Exercise objective: The material below holds pictures; leave them out, and copy exactly, and only, the lines from the one with "The Maestri Bridge" through the last.

Information supplied:
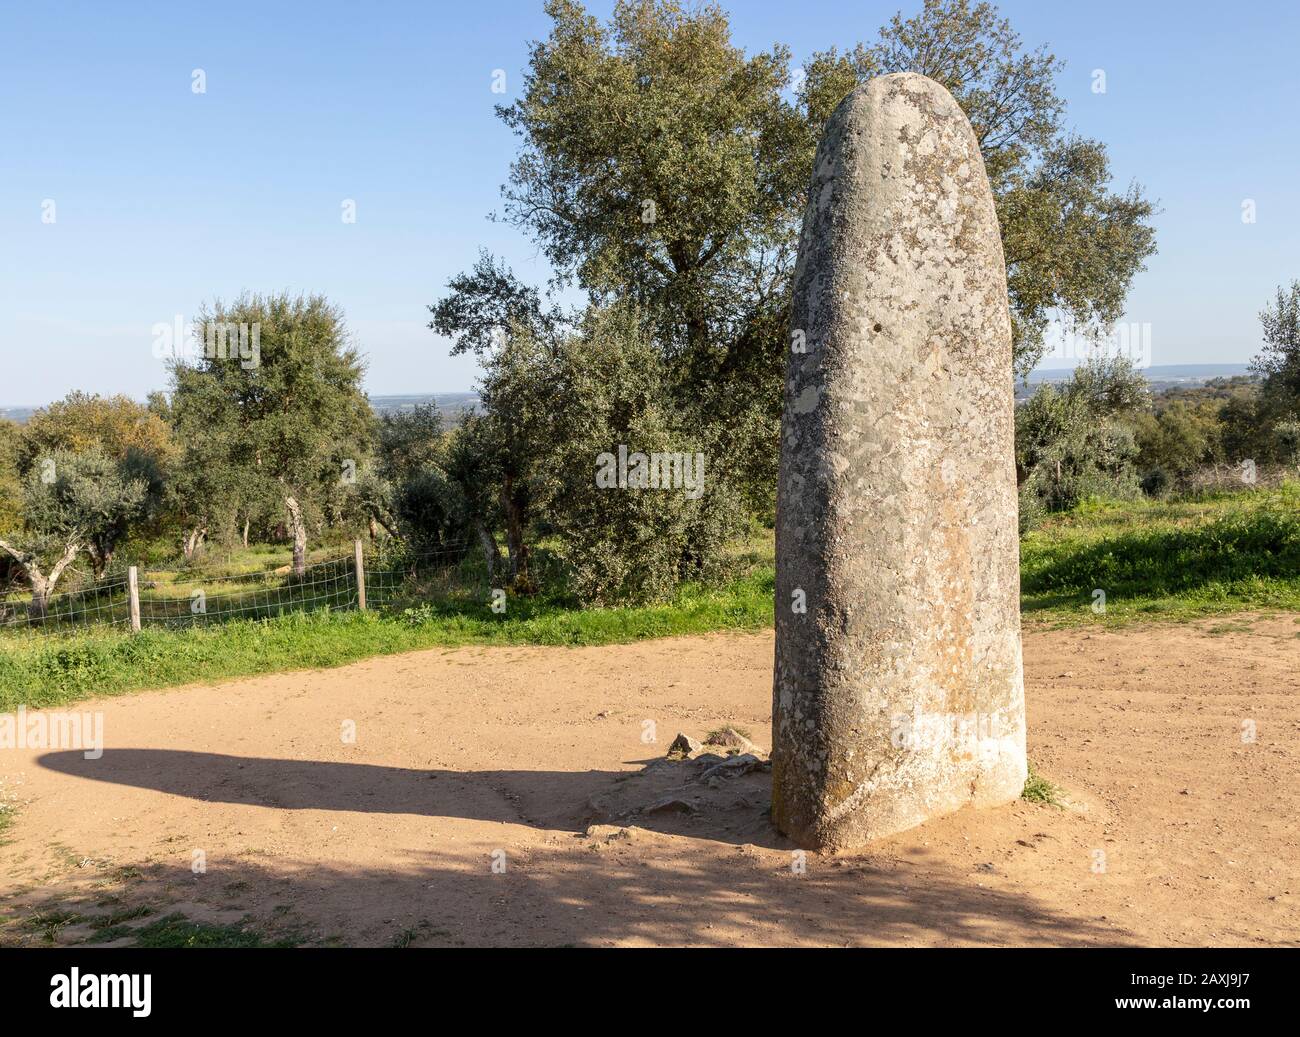 Neolithic standing stone 4 metres high called the Menir dos Almendres, near Evora, Alentejo, Portugal, Southern Europe Stock Photo
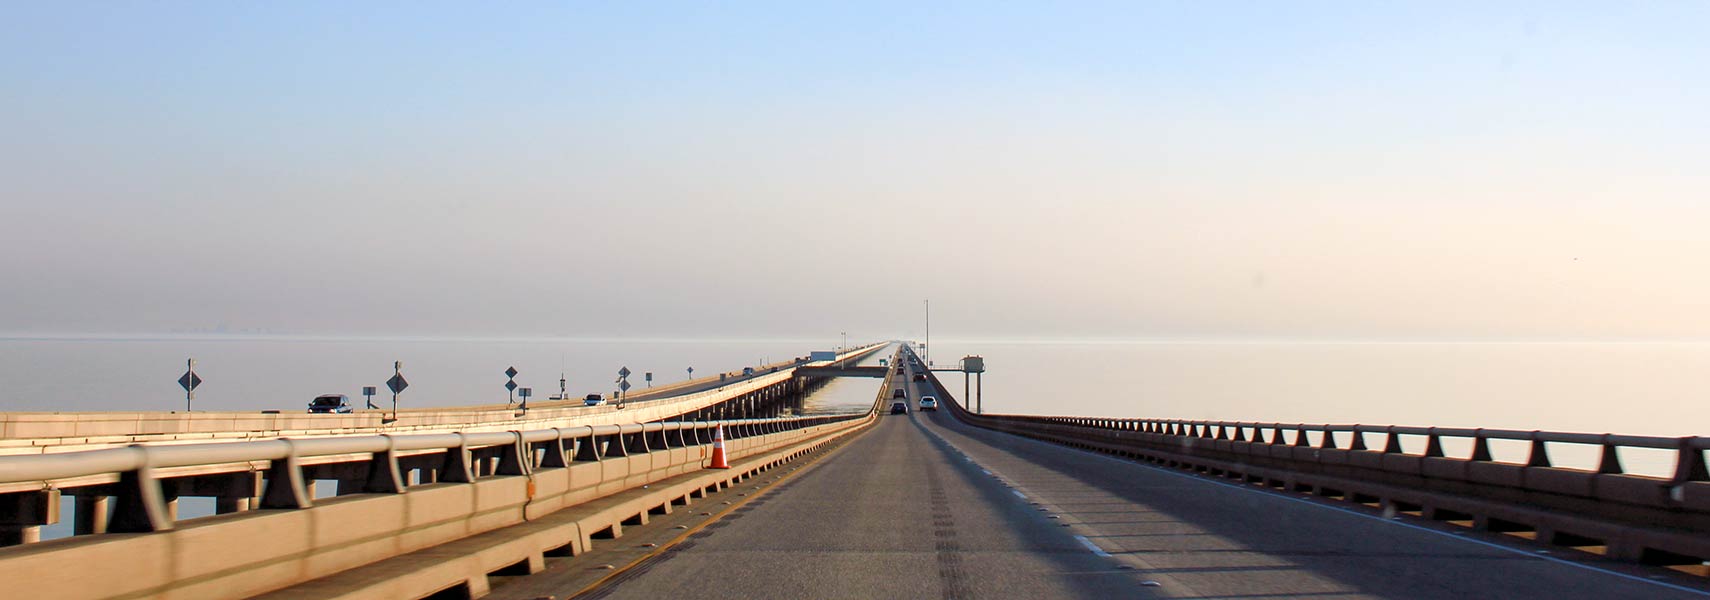 The Maestri Bridge or Lake Pontchartrain Causeway in Louisiana
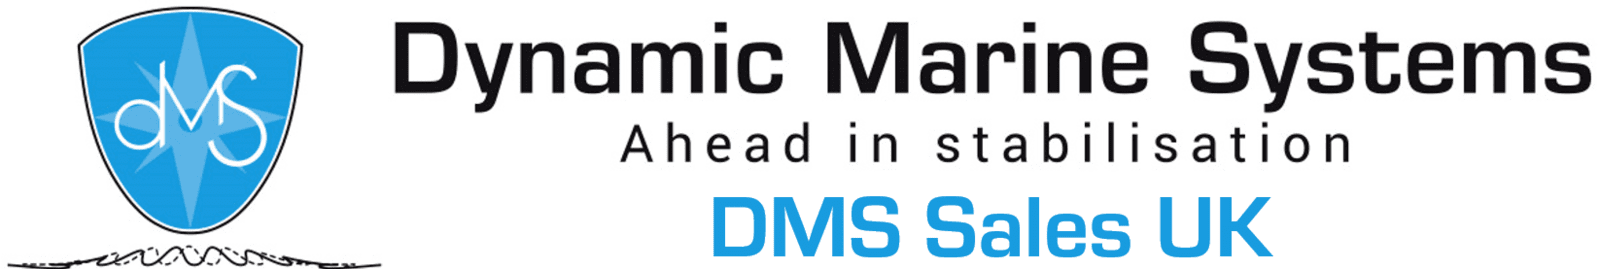 DMS Sales UK
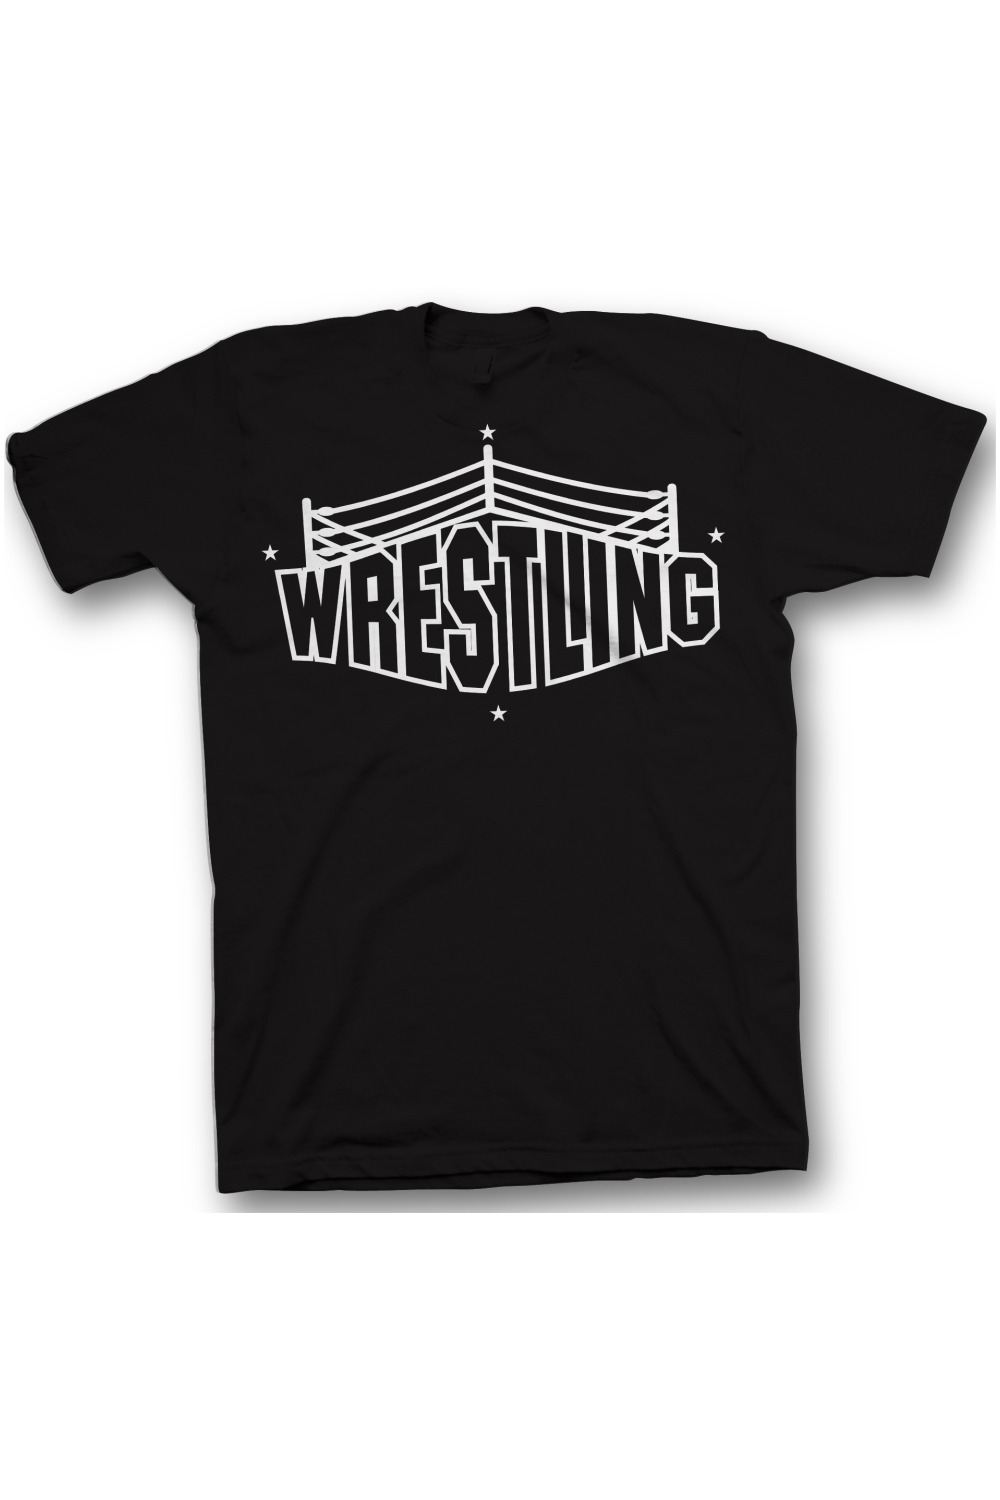 Sticker - SL-Wrestling - 80s Logo - SL-WRESTLING

Your solution:
 The Maestri Bridge or Lake Pontchartrain Causeway in Louisiana
 DMS Sales UK
 Sticker - SL-Wrestling - 80s Logo - SL-WRESTLING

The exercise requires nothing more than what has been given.